In addition to the above use cases, some UBA vendor solutions also provide advanced capabilities as some of them listed below:

Augment SaaS cloud application security with UBA: Cloud application usage is grown to a large extent and almost every enterprise today uses cloud applications. However, the security of SaaS application and data still lacking behind and some of the security capabilities are addressed by CASB vendors’ solutions. UBA solutions are offering enterprises much more visibility into their employee use of SaaS applications to be able to learn if the access is being misused, abused or compromised, and the analytics works the same way as on-premises applications and should be considered an essential component of security use of cloud applications.
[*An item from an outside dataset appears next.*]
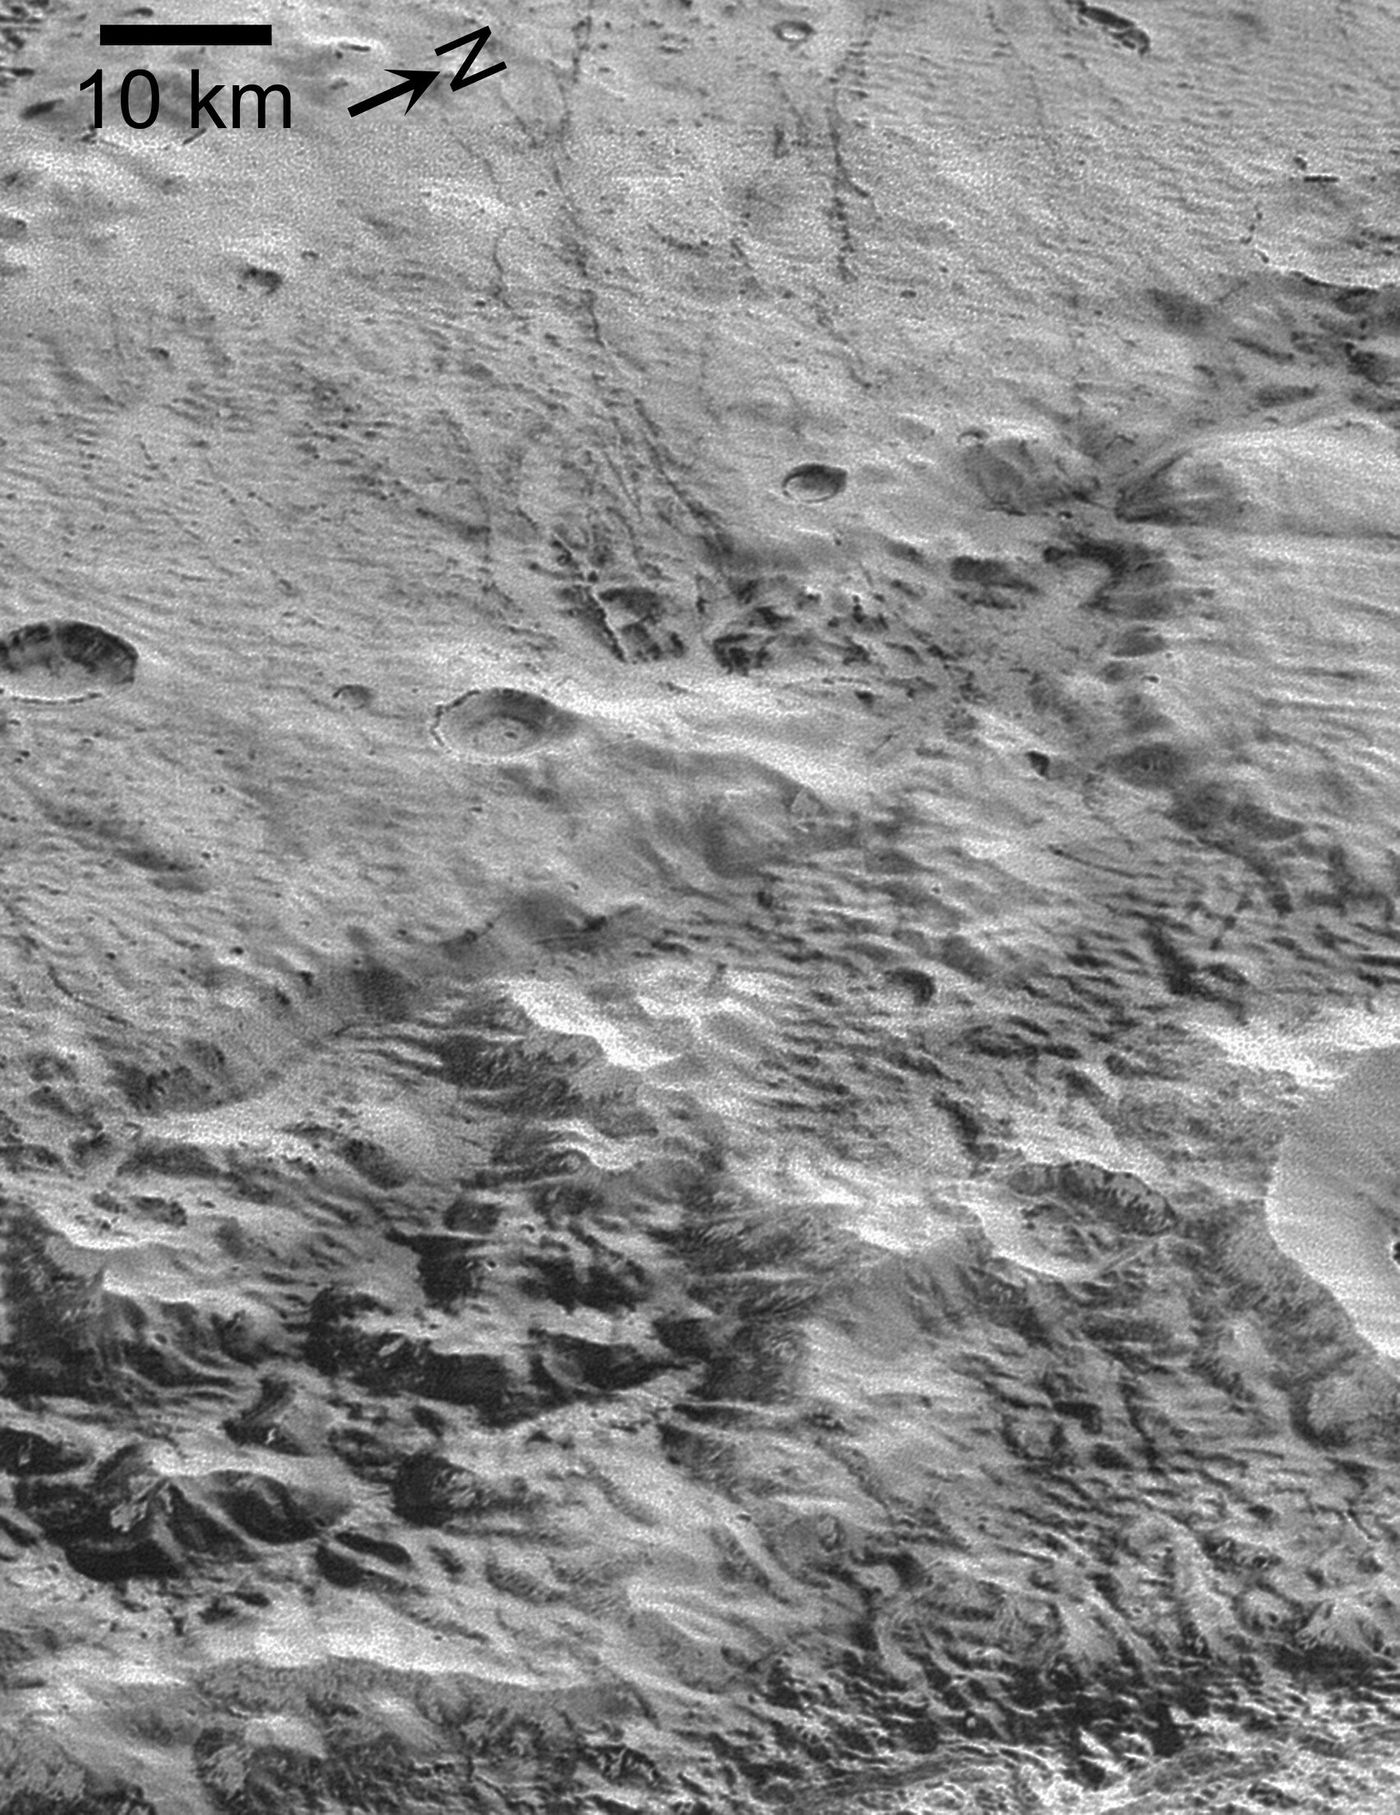 A closer look at Pluto's washboard and fluted terrain.

UBA vendors utilize application API provided by SaaS vendors to ingest the application data and logs into UBA platform to run & apply analytics on it and provide visibility & insights to the enterprise.

Final Implementation and operations phase: At the end of phase 2, we must have learned and got all the required information needed with respect to unique security requirements, what are the solutions available in the market which can meet the specific requirements, how solutions really going to work, new functionalities, and what capabilities that solution bringing to the enterprise.
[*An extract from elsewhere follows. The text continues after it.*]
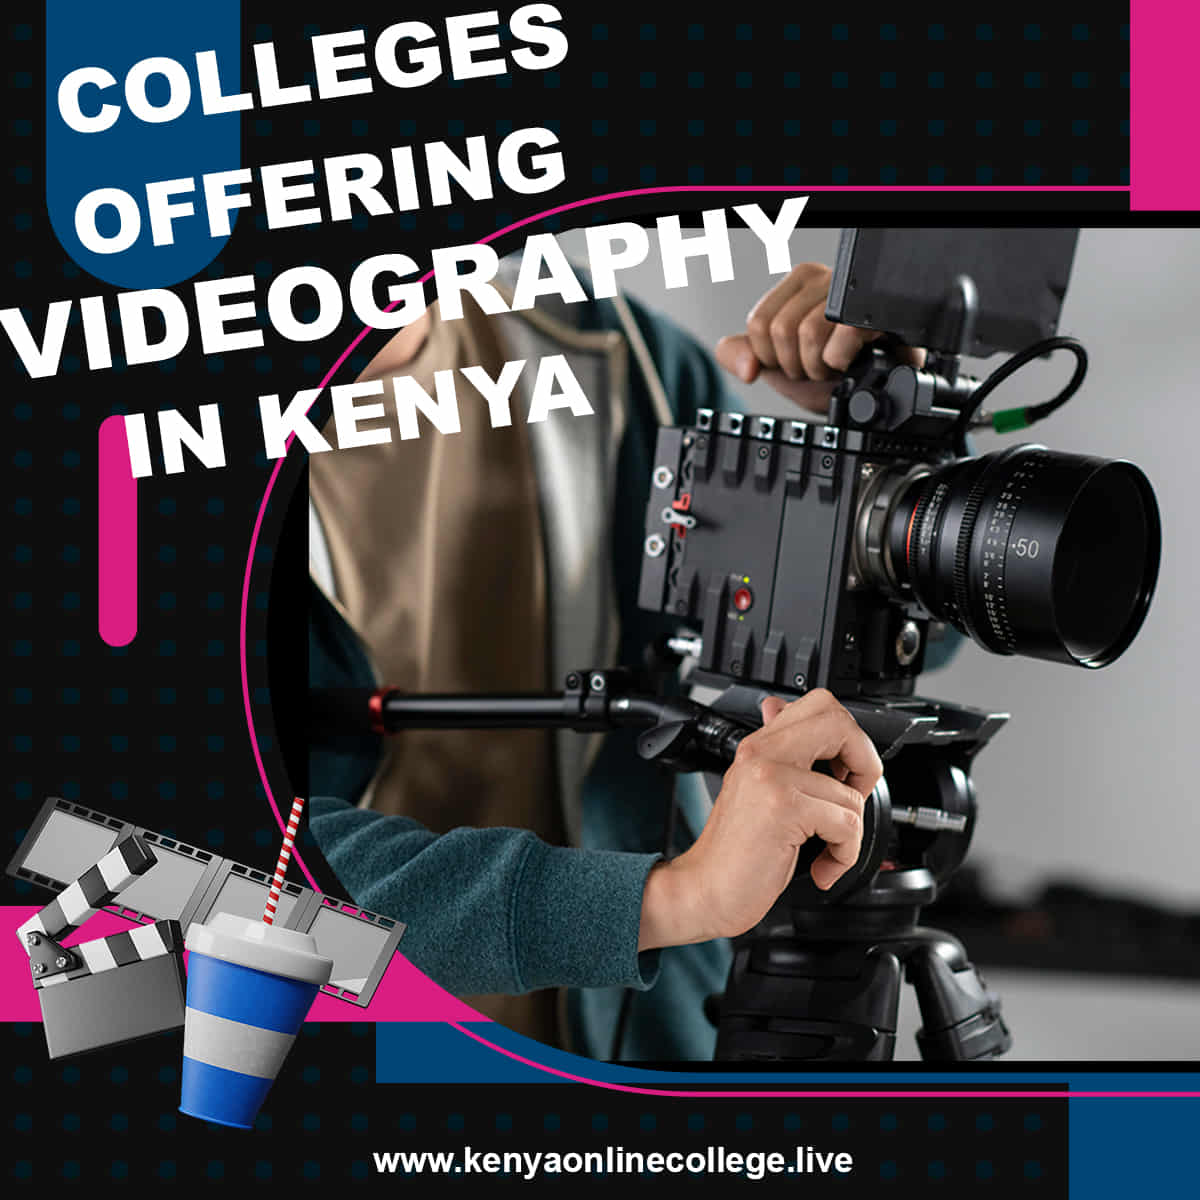 Colleges offering videography in Kenya

This is the time to get the senior management & CISO/CIO aligned by walking them through the presentation showing the work that has been done in phase1 & phase2, and “Getting to yes” from them to move onto the implementation phase.

The presentation for the senior management should include the clear business case that is being addressed to get funding with top 3 sort listed vendor solutions as to:

What is going to happen if we don’t implement the solution?

Pros and cons for each option, like cost, new features, and risk reduction capabilities, etc.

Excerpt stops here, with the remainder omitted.